Updates about the deaths of lions in Gir, Gujarat, have been painting a sad picture. Since 12 September 2018, a total of 23 lions (which also includes three lionesses) have died.
Gir is the only home to Asiatic animals in the continent and as per the 2015 census, the lion population there was 523. Within three weeks, 23 big cats were reported dead and became a matter of rightful concern. The Gujarat Forest Department had initially stated that the deaths were a result of “infighting”.
Infighting is when a pride of lions fights with another for territory. Quite normal in the wild then, for the dominant male of the victorious pride to kill other lions as well as their cubs. This is to secure their alpha status and ensure that their bloodline continues to rule. The lionesses, on the other hand, are not killed by lions.
The death of three lionesses in the first seven dead lions seemed to be suspicious.
This catalysed experts to study why so many lions were dying in Gir in such a short period.

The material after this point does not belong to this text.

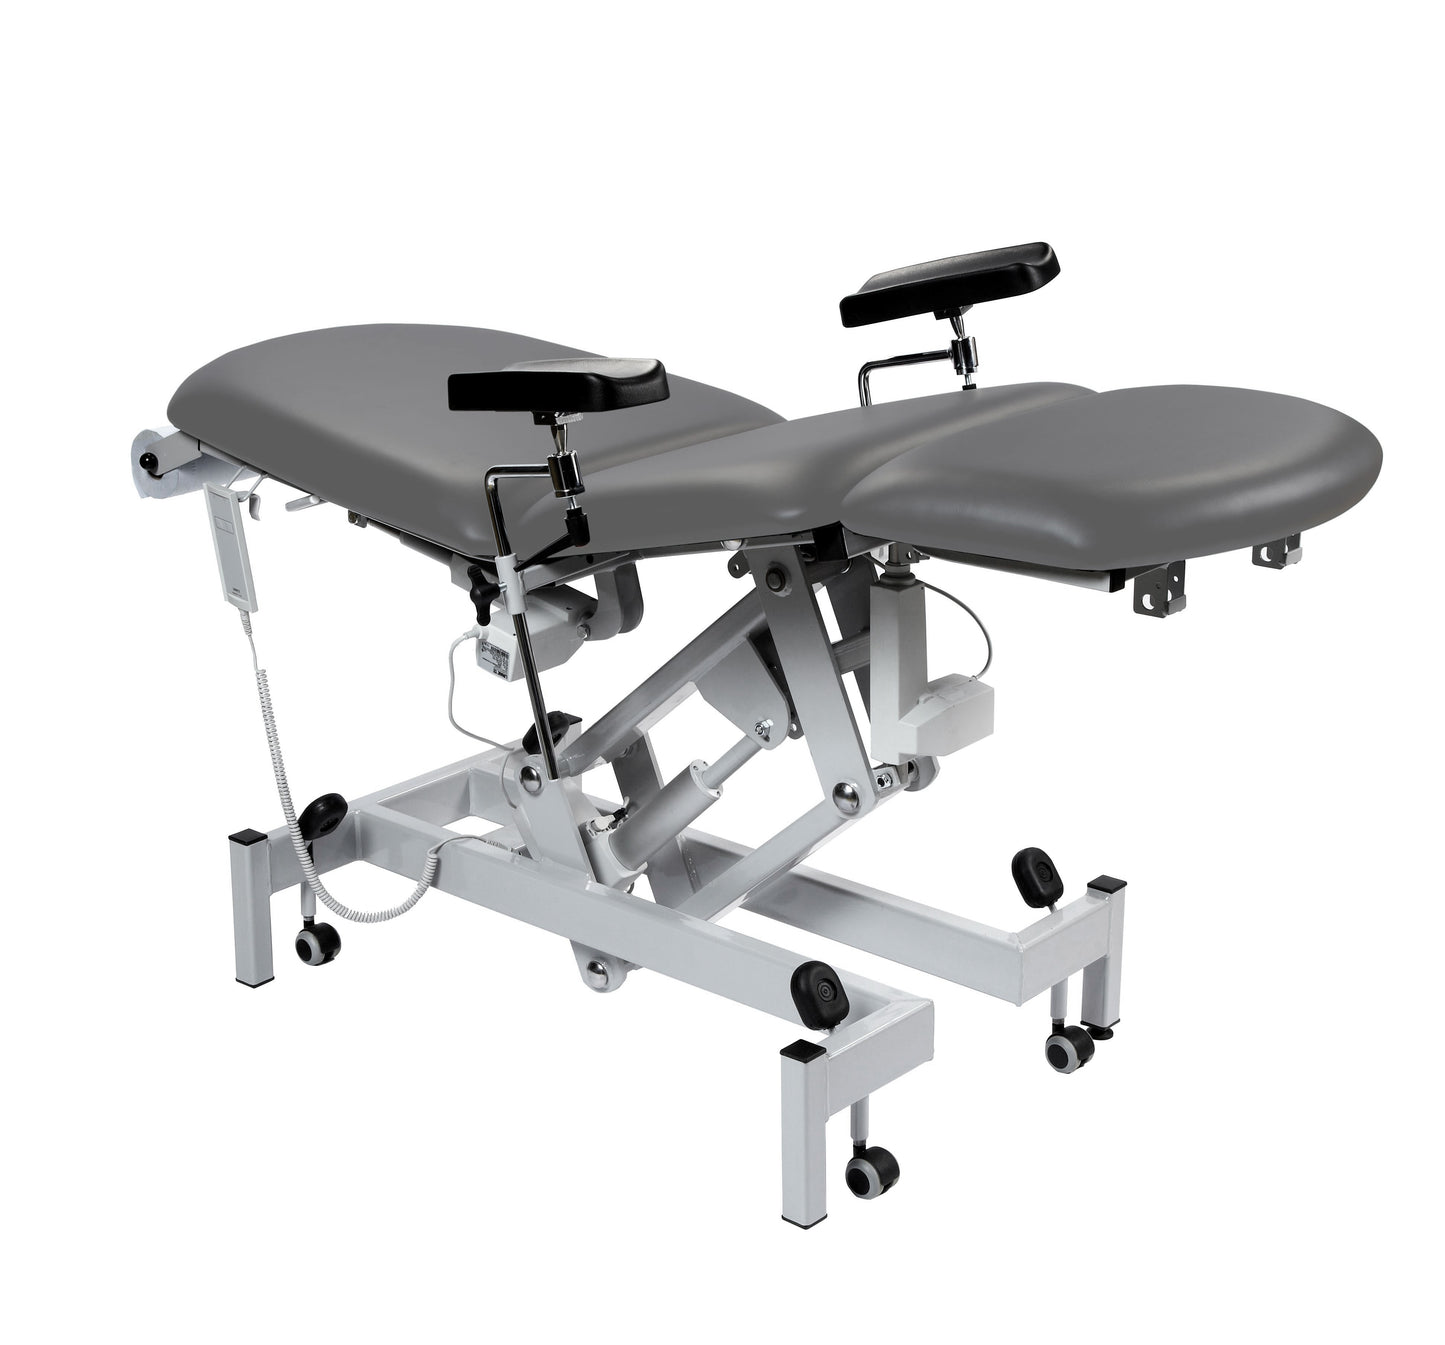 Sunflower - Fusion Phlebotomy Chair with Electric Height Adjustment 3
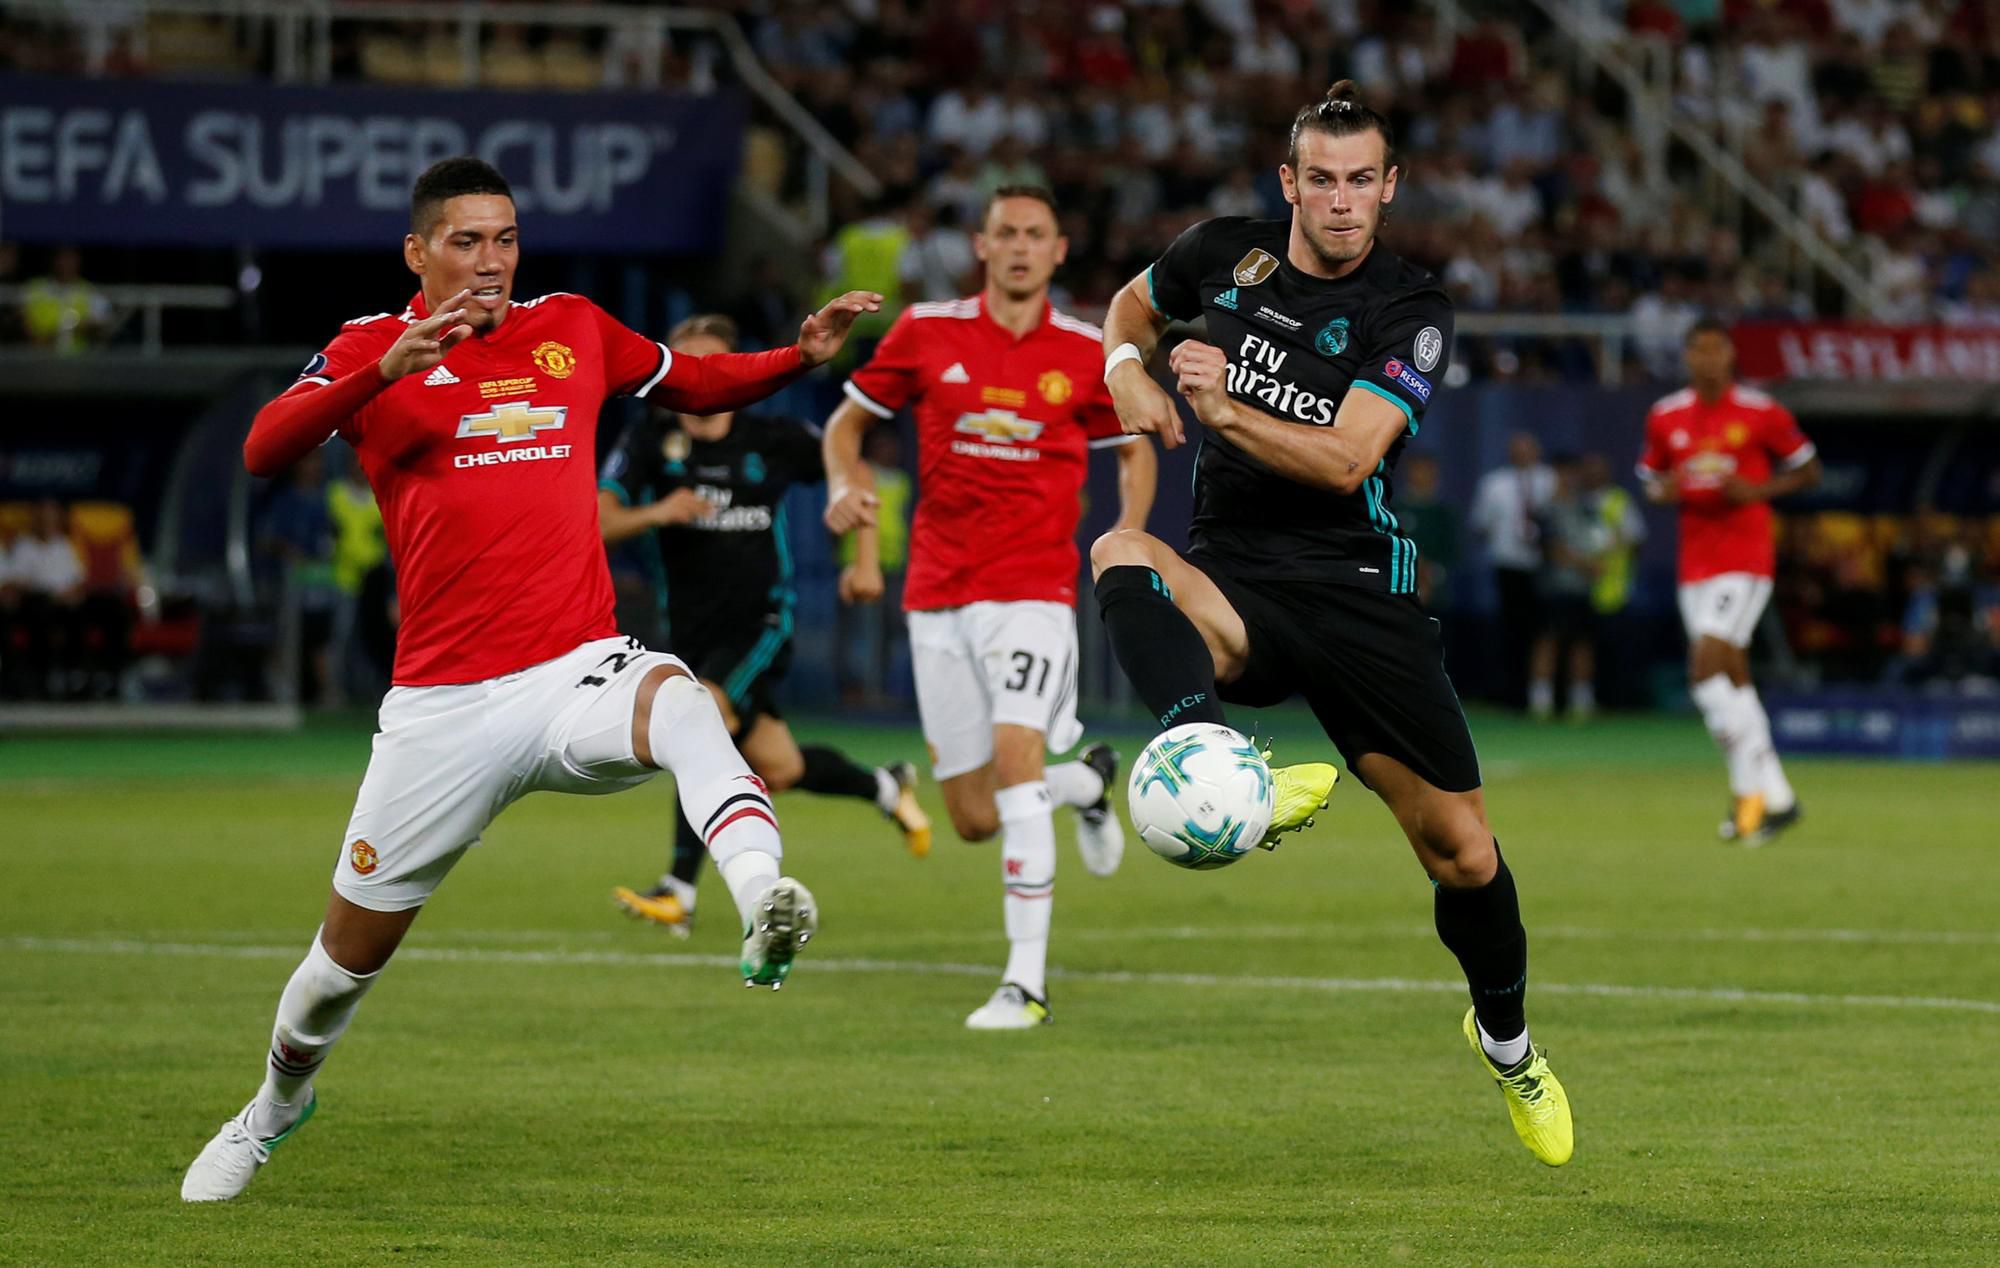 Real Madrid - Manchester United (Chris Smalling, Gareth Bale)

A medical examination by the forest department revealed that four of the first seven dead lions were affected by the Canine Distemper Virus (CDV)–the same disease that killed more than a thousand lions in Serengeti, Tanzania, back in the 1990s.
The chances of other deaths due to infighting haven’t been eliminated yet, but this deadly disease is seen as another legitimate reason for the deaths. CDV, incidentally cannot be solely responsible for the animal deaths. But it affects their immunity drastically, making the lions vulnerable to other diseases.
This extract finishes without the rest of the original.